Well, that escalated quickly!
The U.S.-China trade war is back on.
President Trump last week announced the U.S. will impose 25% tariffs on about $50 billion worth of Chinese imports, ostensibly to punish China for its “systematic theft” of U.S. intellectual property and/or to reduce America’s trade deficit with China. China immediately fired back by announcing it would impose 25% tariffs on about $50 billion worth of U.S exports to China in two stages.
Here are the two lists of Chinese products the U.S. has targeted, primarily machinery and industrial parts from industries such as aerospace, robotics, automotive, industrial machinery, and information and communications technology. These 1,102 product lines theoretically benefit from the Chinese government’s “Made In China 2025” industrial plan to become a global leader in certain new and advanced technology industries.
China also issued two lists targeting U.S. products ranging from salmon to soybeans, Harley Davidsons to electric cars, orange juice to whiskey. China’s first list targets 545 product categories covering about $34 billion in U.S. exports to China and its second list targets another 114 product categories covering about $16 billion. Many of the U.S. products selected for extra tariffs are from Trump-voting red states that have benefitted from huge volumes of agricultural exports to China.

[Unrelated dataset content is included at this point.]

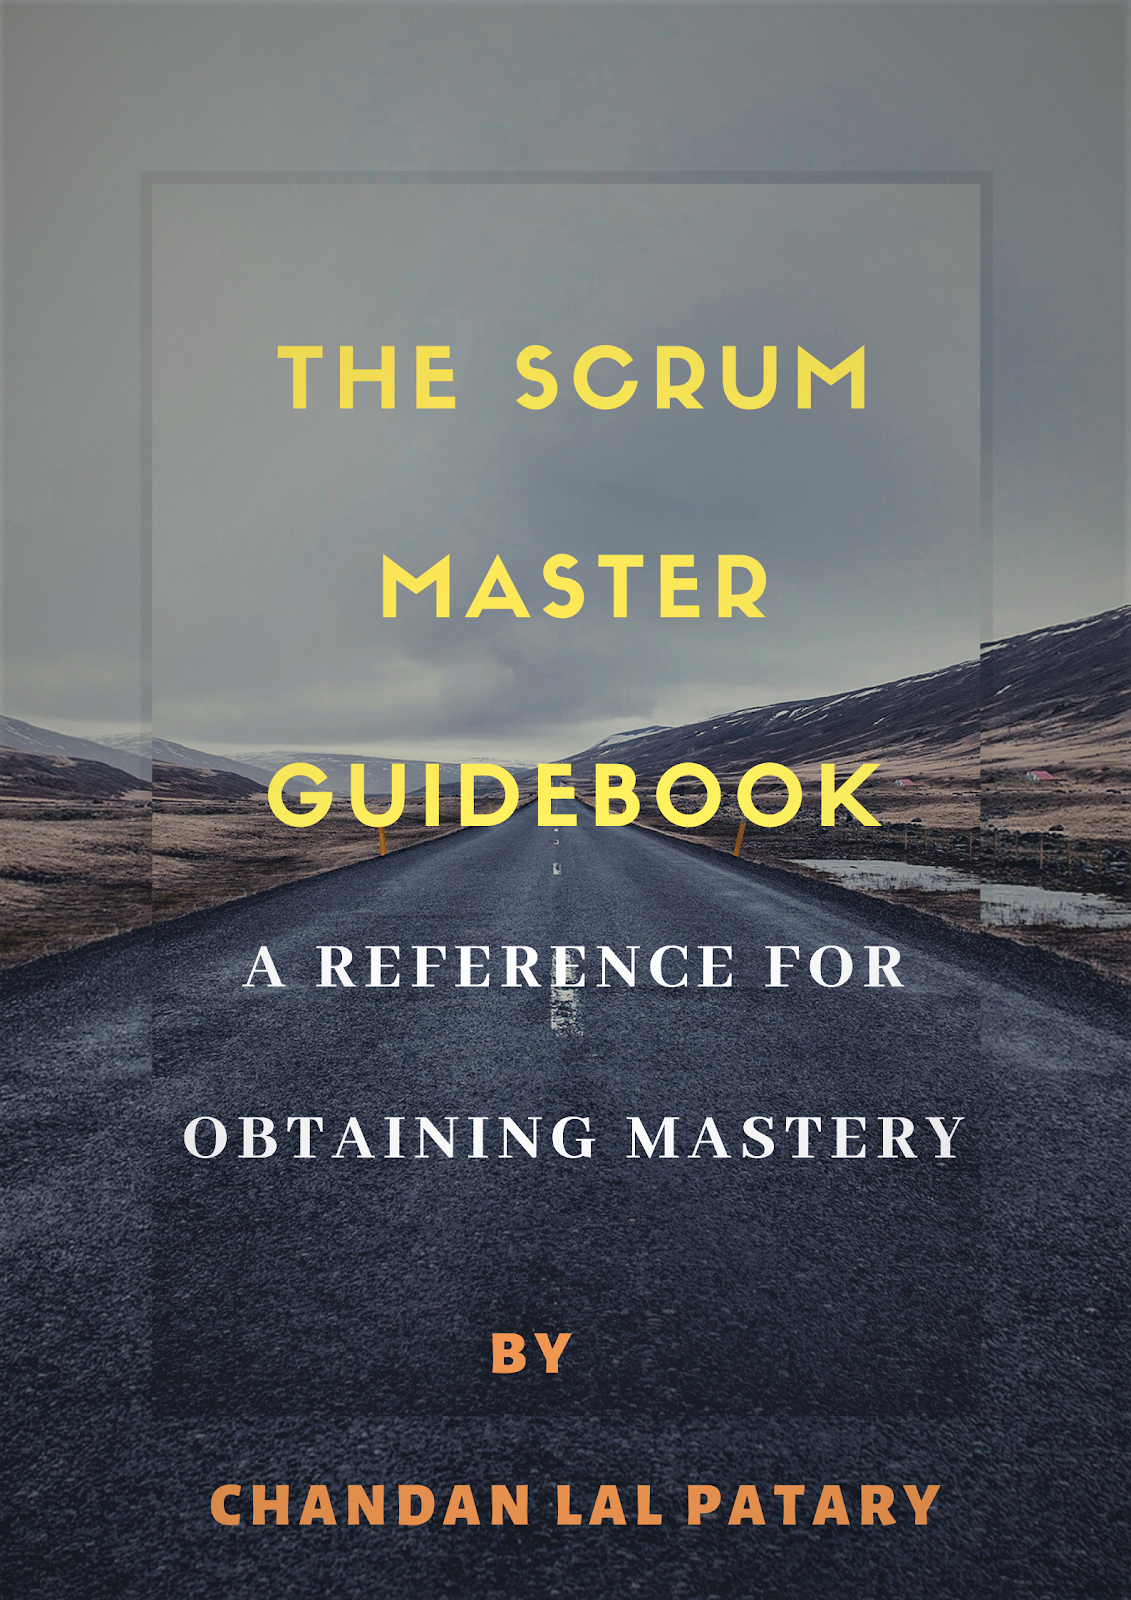 The Scrum Master Guidebook Chapters and Sub-chapters - Please have a look
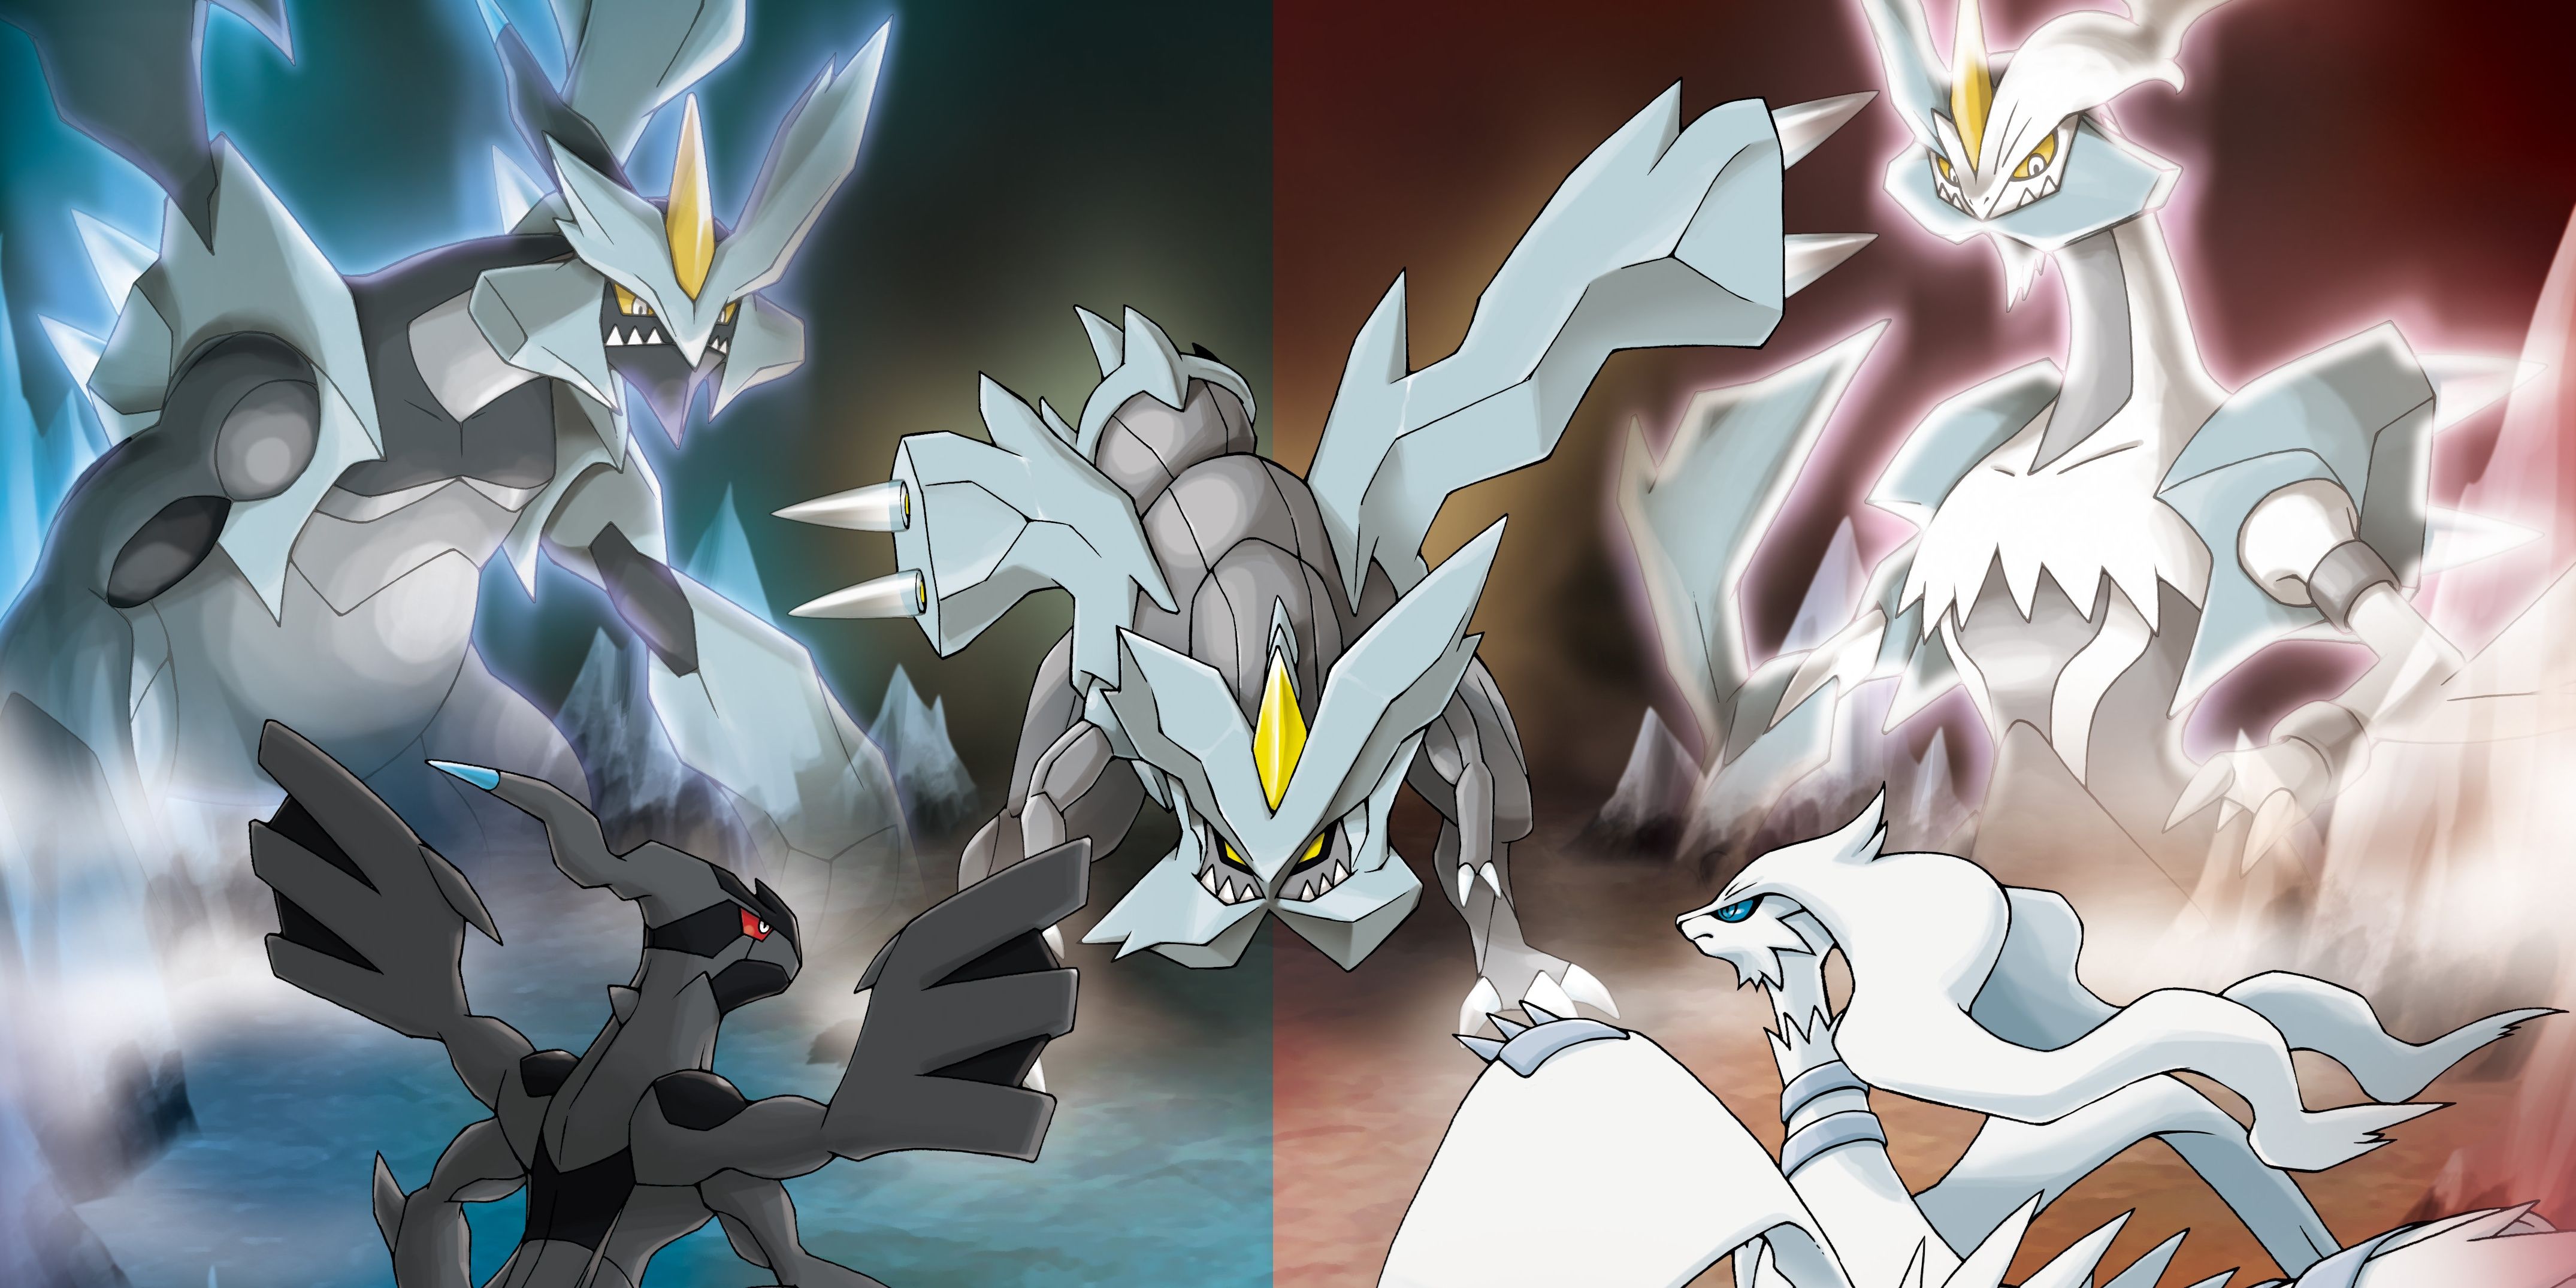 According to Pokemon’s lore, the flagship Legendary dragons of the Gen V ga...

July 6 is currently the deadline for when China and the U.S. will start imposing the proposed tariffs on the first list of imported products. Given President Trump’s track record of flip-flopping on China trade issues, it is not entirely clear whether these tariffs on Chinese imports will actually be imposed.
So, what can and should U.S. companies do if they are caught in the cross-fire of this escalating trade war, either because they import goods from China that will be subject to U.S. tariffs or because they exporting U.S. goods to China that will be subject to Chinese tariffs?
For the U.S. tariffs, U.S. companies likely will be able to request that specific products be excluded from the tariffs on Chinese products. This process likely will be similar to the exclusion request process used for the recently imposed “national security” tariffs on steel (25% tariffs) and aluminum (10% tariffs). In the past few months, the U.S. Department of Commerce has been flooded with nearly 20,000 requests to have products excluded from these tariffs. Separate requests must be submitted for each product a company wants excluded.
An exclusion request typically includes the following:
1. Identify the product you want excluded. The U.S. list of targeted products is identified by the Harmonized Tariff Schedule (HTS) number that is used to declare the product when imported into the United States. A company needs to identify the commercial name of the product, the HTS number for the product, and any other industry designation of the product under a recognized standard or certification (for example: ASTM, DIN).
2. A description of the product based on physical characteristics (for example: chemical composition, metallurgical properties, dimensions) so your product can be distinguished from other products that would still be covered by the tariffs. A significant concern in considering exclusion requests is whether granting a specific exclusion request will create a loophole many other products can also use.
3. The basis for requesting an exclusion. Is the steel/aluminum/other product unavailable from a domestic U.S. supplier and thus imports are needed to fill a demand no U.S. supplier can fill. Are there certain qualification requirements only the import supplier can satisfy? Have you been put on allocation by domestic suppliers?
4. The names and locations of any producers of the product in the United States and in foreign countries.
5. Total U.S. consumption of the product by quantity and value for each year for the past three to five years (2013 – 2017) and projected annual consumption for the next few years (2018- 2020), with an explanation of the basis for the projection.
6. Total U.S. production of the product (or possible substitutes) for each of the past three to five years.
7. Discussion of why the U.S. products (or substitute products) cannot be used in place of the imported products.
8. A good story why your company deserves the exclusion it is requesting. This typically includes the history of your company (e.g., fifth generation family-owned), the products produced by your company, the strategic significance of your company’s products, the number of workers in your company, and your company’s annual sales.
On the Chinese side, U.S companies exporting to China likely will have a similar process to try to get a special waiver to get their products excluded from the Chinese tariffs listed U.S. imports into China. The Chinese exclusion process will likely not be as formalized as the U.S. process but it likely will require a Chinese company to submit the exclusion request and to provide the above listed items to explain why the U.S. products deserve to be exempted from the tariffs.
A U.S. exclusion process will likely proceed fairly slowly because there are so many exclusion requests already in the pipeline for the steel and aluminum tariffs, though a successful exclusion request likely will result in a refund of any tariffs paid. Waiting for a tariff refund is not the best thing in the world, but requesting such a refund will be the best path for many.